O mosquito Aedes aegypti, transmissor de todas as arboviroses que atualmente circulam no país, inclusive a dengue, chegou a ser erradicado do território brasiliano por volta de 1950, porquê resultado de uma série de medidas para o controle da febre amarela. Entretanto, dadas as atuais proporções de infestação, é impossível sonhar com esse cenário novamente. “O Aedes veio para permanecer”, alertou o infectologista Antonio Carlos Bandeira.
Formado pela Universidade Federalista da Bahia e técnico em saúde pública pela Faculdade de Saúde Pública da Universidade de São Paulo, Bandeira descobriu, em 2015, a chegada do vírus Zika ao Brasil. A doença também é transmitida pelo Aedes aegypti. Em entrevista à Filial Brasil, o médico citou alterações climáticas, sobretudo o aumento das temperaturas, porquê fatores que colaboram para a explosão de casos de dengue oriente ano.

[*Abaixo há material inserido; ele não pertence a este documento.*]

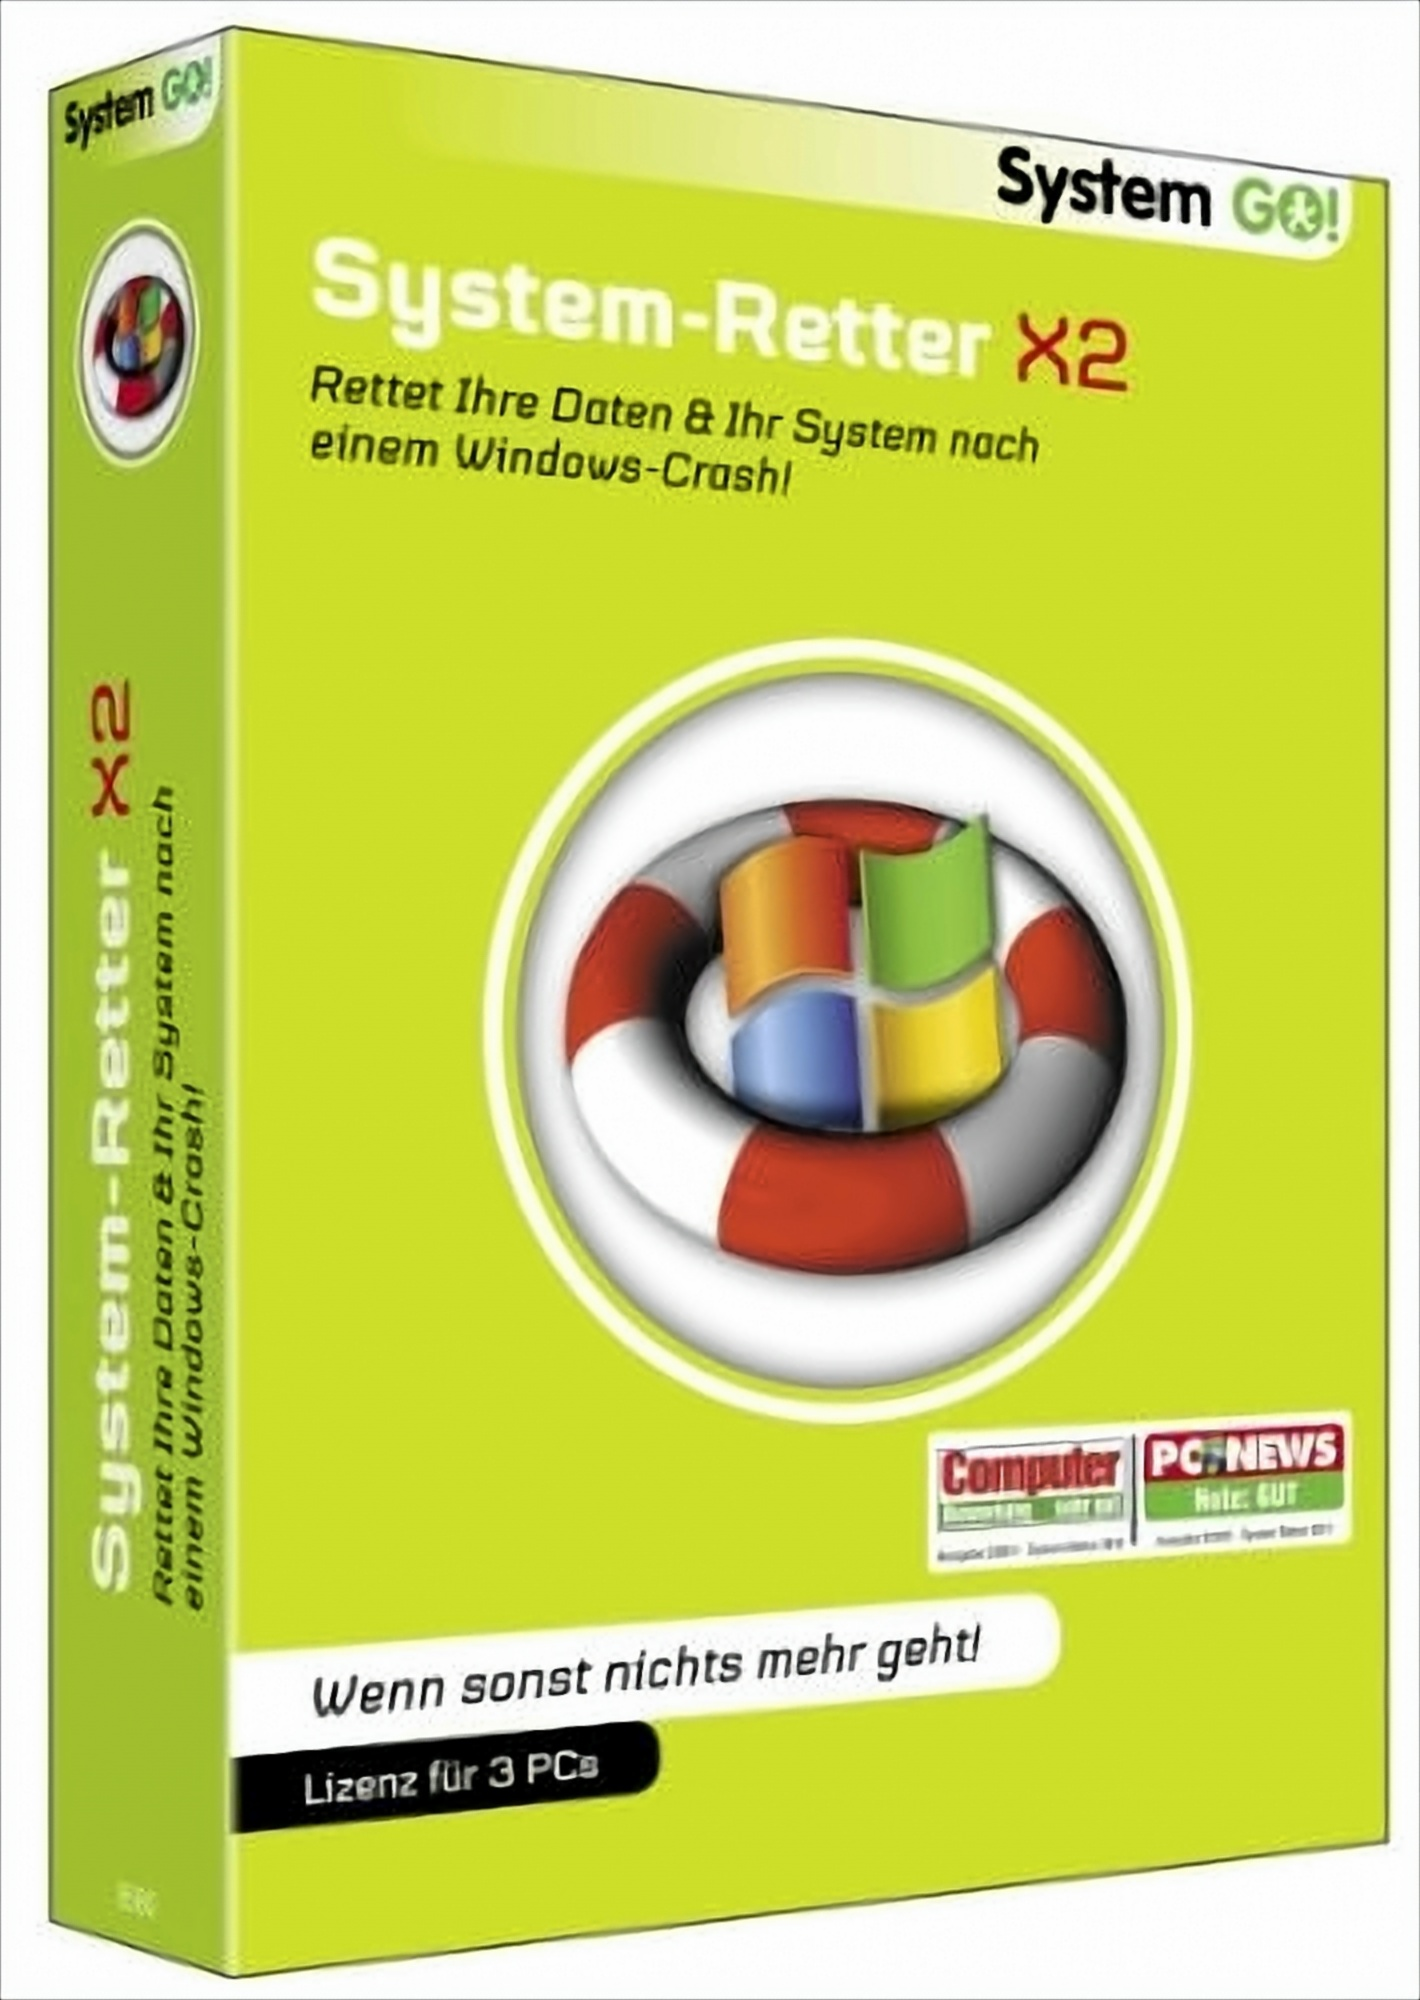 System Go! System-Retter [PC] X2 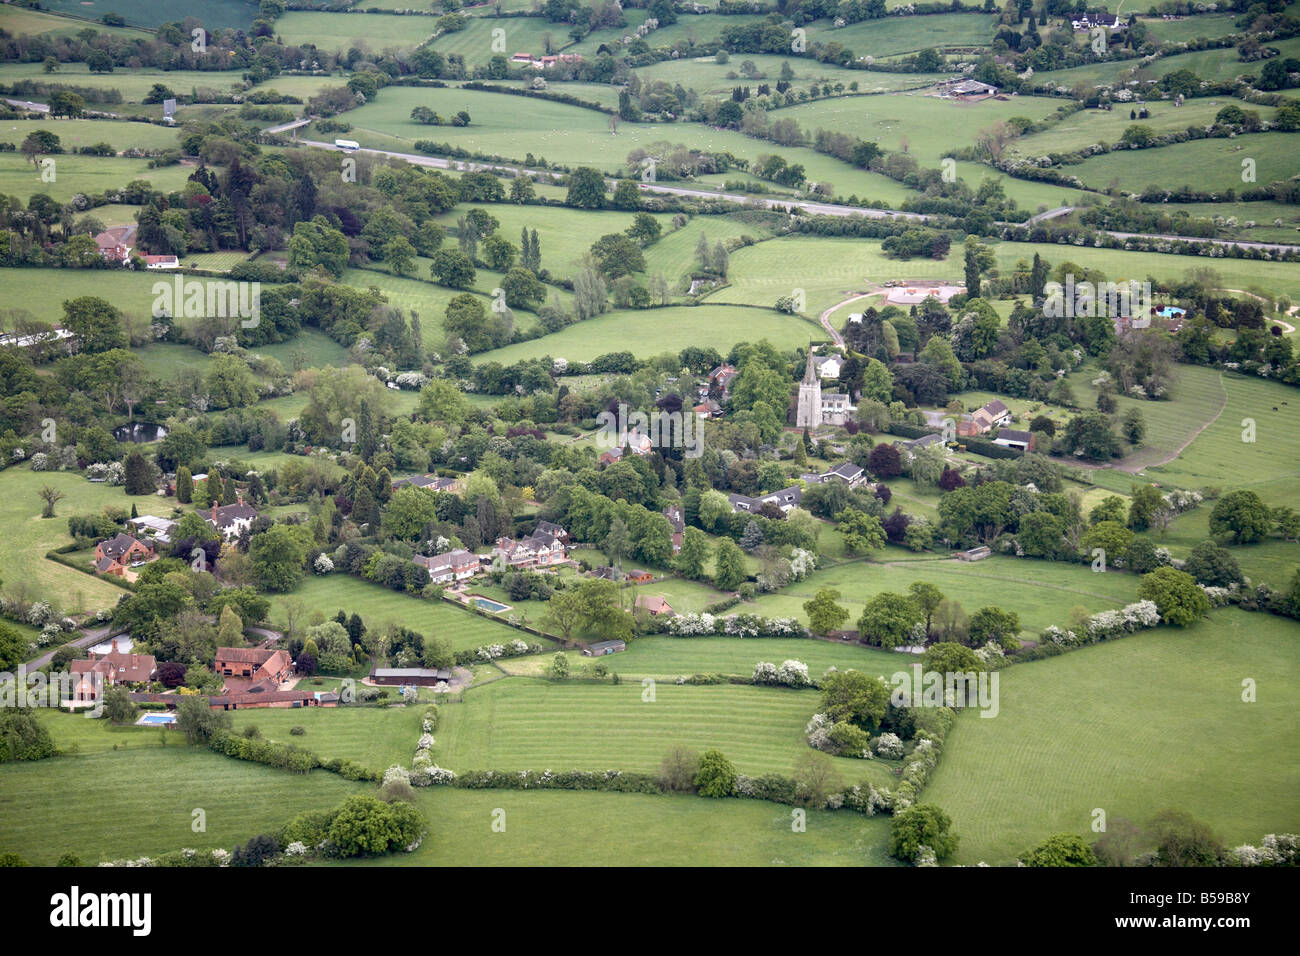 Vista aérea del sur de Lapworth Village país alberga jardines árboles campos iglesia Church Lane autopista M40 Warwickshire B94 Engla Foto de stock

O infectologista manifestou preocupação com o ressurgimento do sorotipo 3 da dengue no país – que não circulava de forma epidêmica há mais de 15 anos. “Mas, independentemente do sorotipo, preocupa a grande quantidade de casos que a gente tem. Porque uma grande quantidade de casos implica uma grande quantidade de complicações e uma grande quantidade de possíveis óbitos”.
Confira a seguir os principais trechos da entrevista:
Filial Brasil: Nas primeiras semanas de 2024, o número de casos de dengue mais que dobrou em relação ao mesmo período de 2023, que já havia sido classificado porquê ano epidêmico. O que tem causado essa explosão de casos no Brasil?
Antonio Carlos Bandeira: Vários fatores têm causado essa explosão. O primeiro e mais importante têm sido as alterações climáticas. Houve agora, com o El Niño, nos últimos dois anos, uma combinação de muito calor no galeria que segue da Região Meio-Oeste e desce pela porção oeste das regiões Sudeste e Sul. Esse galeria climatológico acabou facilitando muito a disseminação do mosquito tanto para locais da Região Sudeste e, mais importante ainda, da Região Sul. Isso facilitou que o Aedes aegypti pudesse ser disseminado. Não só o Brasil, mas países circunvizinhos porquê Paraguai e Argentina viveram a mesma situação: uma chegada muito poderoso do Aedes aegypti. É um passo para estrear a ter epidemias de dengue, chikungunya e zika.
Outro fator é o desmantelamento que houve, de certa maneira, nos últimos anos, de uma vigilância mais proativa no sentido de instituir medidas porquê larvicida ou o famoso fumacê. Temos períodos que ficaram sem larvicidas. E o terceiro fator é pegar a população que é exatamente dessas regiões que citei e que eram virgens de dengue. Diferentemente da Região Nordeste, em que as pessoas frequentemente tiveram episódios pregressos de dengue. Nesses casos, a pessoa fica um pouco mais resistente, apesar de ainda poder pegar a doença por outros sorotipos. No caso da Região Sul, está todo mundo ali sem nenhum tipo de proteção anterior. E a vacina só agora está sendo pensada.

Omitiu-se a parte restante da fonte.